Every line below from the one with "Eficácia da CoronaVac" through the one with "Fondo de navidad" should be retyped exactly, both ends included; no other lines and no pictures.
[Information provided — start]
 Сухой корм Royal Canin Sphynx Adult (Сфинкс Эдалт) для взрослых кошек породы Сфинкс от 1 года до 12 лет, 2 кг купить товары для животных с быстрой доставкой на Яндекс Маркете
[Information provided — finish]
[Information provided — start]
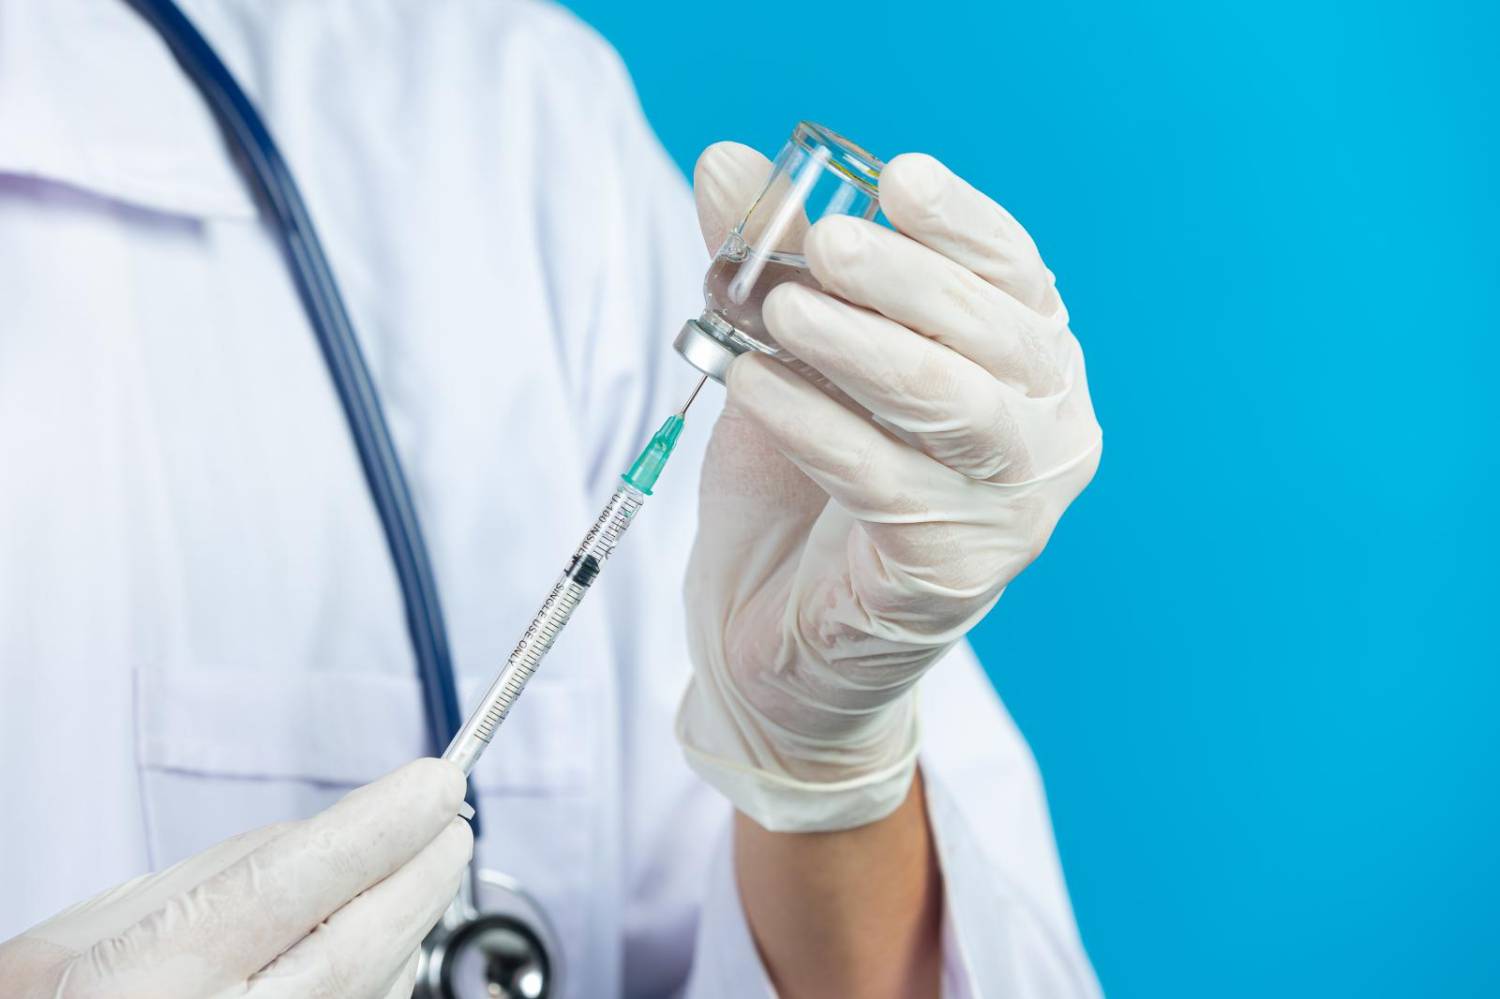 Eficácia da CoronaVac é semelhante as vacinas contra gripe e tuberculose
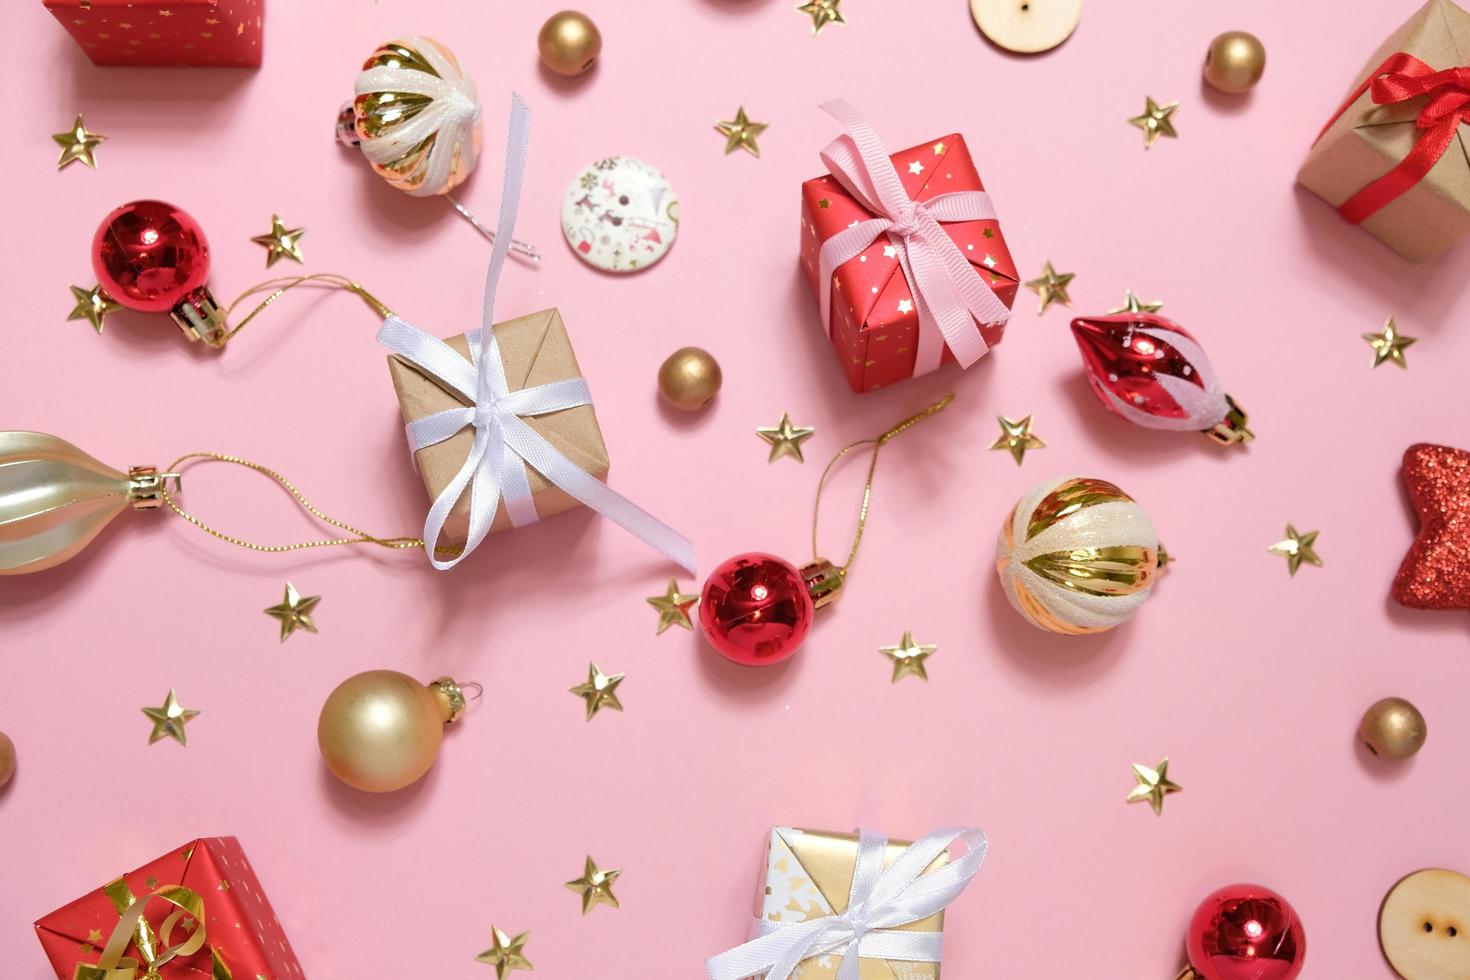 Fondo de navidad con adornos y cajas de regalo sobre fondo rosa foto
[Information provided — finish]
*Output*:
 Eficácia da CoronaVac é semelhante as vacinas contra gripe e tuberculose
 Fondo de navidad con adornos y cajas de regalo sobre fondo rosa foto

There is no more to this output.